Work to complete
Count every line in the entries that contains "Bracelet". Report that count alone.

### Material for the task

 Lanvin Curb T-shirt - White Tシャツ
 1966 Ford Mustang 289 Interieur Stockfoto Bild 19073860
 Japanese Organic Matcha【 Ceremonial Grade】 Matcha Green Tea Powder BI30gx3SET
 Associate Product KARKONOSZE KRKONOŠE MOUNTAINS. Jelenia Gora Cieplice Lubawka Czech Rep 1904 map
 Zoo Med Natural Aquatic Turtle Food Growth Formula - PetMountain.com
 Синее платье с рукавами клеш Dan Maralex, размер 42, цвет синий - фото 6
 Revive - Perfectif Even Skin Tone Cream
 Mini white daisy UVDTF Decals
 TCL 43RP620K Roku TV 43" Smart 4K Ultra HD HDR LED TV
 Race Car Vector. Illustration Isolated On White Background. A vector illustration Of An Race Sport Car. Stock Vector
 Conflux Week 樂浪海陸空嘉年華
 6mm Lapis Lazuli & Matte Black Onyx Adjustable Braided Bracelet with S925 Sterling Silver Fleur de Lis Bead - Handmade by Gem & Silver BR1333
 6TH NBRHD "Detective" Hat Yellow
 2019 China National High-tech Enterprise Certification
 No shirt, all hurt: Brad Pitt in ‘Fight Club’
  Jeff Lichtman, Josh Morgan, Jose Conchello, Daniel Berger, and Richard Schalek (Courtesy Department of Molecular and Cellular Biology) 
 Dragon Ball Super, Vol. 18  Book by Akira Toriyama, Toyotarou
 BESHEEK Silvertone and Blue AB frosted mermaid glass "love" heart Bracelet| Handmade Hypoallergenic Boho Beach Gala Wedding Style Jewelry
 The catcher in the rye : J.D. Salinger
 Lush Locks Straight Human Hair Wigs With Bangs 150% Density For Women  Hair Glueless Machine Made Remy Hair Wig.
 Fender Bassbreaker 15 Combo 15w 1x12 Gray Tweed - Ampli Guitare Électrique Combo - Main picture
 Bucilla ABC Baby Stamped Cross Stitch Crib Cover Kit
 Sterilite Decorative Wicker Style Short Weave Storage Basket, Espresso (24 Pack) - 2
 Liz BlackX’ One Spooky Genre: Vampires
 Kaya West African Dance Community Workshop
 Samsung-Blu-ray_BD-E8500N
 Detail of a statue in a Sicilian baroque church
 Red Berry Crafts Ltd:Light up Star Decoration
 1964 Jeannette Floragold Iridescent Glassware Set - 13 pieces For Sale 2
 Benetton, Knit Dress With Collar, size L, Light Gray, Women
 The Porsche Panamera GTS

######

Finished exercise
2